Along with shifting to a 7nm process, the Ampere architecture boasts significant technical improvements over the current-gen Pascal. AnandTech has done an excellent job of describing the changes. Most importantly is a huge increase in transistor count, up to 54.2 billion from 21.1B. Transistor count doesn’t directly relate to performance, but it does correlate to total computational power.
In other words, Ampere GPUs will crunch through processes a lot faster than older cards. That’s partly because of the smaller die, as well as better manufacturing processes.
Other major details include a huge uptick in total available VRAM, up to 40GB, as well as an increase to 400W TDP. We expect higher-end models like the RTX 3080 (only rumored) to seriously outperform today’s top tier. Reports that GPU performance is slowing may turn out to be wrong.

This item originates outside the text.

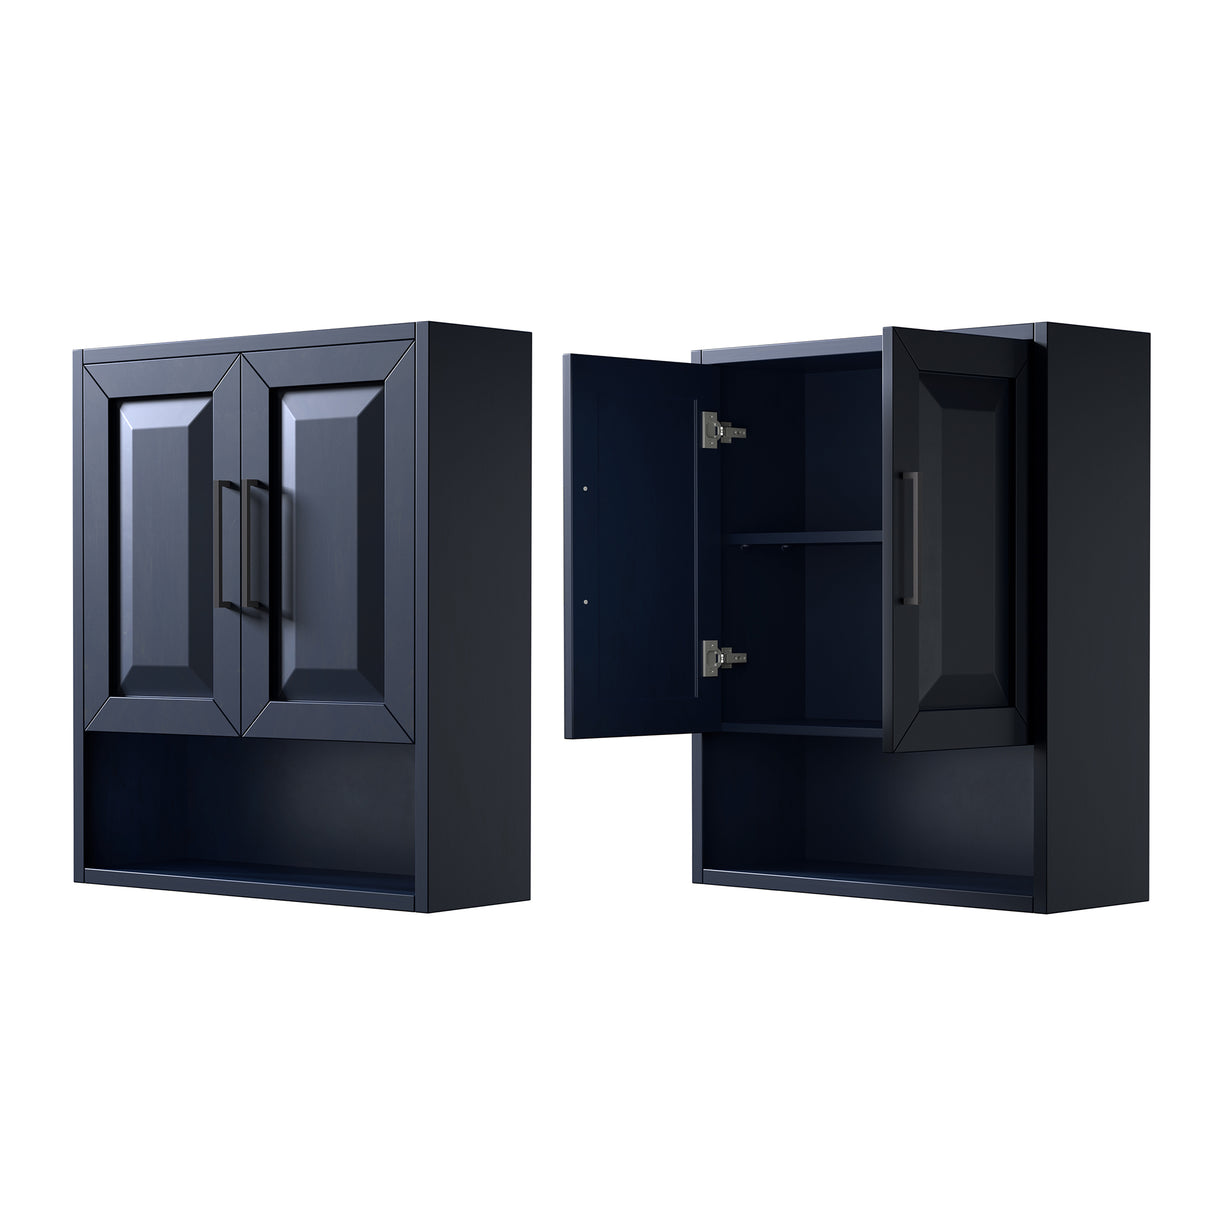 Daria Over-the-Toilet Bathroom Wall-Mounted Storage Cabinet in Dark Blue with Matte Black Trim

This huge architecture improvement may also be why NVIDIA boasted back at CES that even mobile GPUs will outperform consoles. And while it’s not uncommon for consoles to underperform mid-range videocards on release, historically that’s never been true for laptop cards.
AMD’s been doing an incredible job at the low- and mid-tier, but NVIDIA’s completely owned the top-of-the-line. There’s no question that underdog AMD is trying to change that, but NVIDIA isn’t going down without a fight (unlike, it seems, Intel in the CPU space). Just from a technological standpoint, these numbers aren’t just impressive: they’re crazy.
And it makes sense. Gamers are looking for better performance at higher resolutions and higher framerates. All other parts of the experience exist: 240Hz displays, 8K resolution, and even 128-thread CPUs. Graphics cards are actually the bottleneck (only pre-empted by our wallets), and NVIDIA is changing that.
Furthermore, the company is pushing for streaming gaming through it’s GeForce Now service where it’s top-tier cards will be even more useful. With limitations around streaming (1080p and 60fps max), these GPUs can provide more stable performance at a lower cost over time. Developers looking for more power will have it. And anyone using GPUs for anything else, like cloud computing, data centers, or supercomputers…they’ll go to NVIDIA first. And that push for corporate clients will continue the cycle of better consumer cards.
AMD has a huge road ahead if they want to gain the upper ground, especially with gamers who have more cash to spend. And our games will only perform better, thanks to NVIDIA raising the ceiling.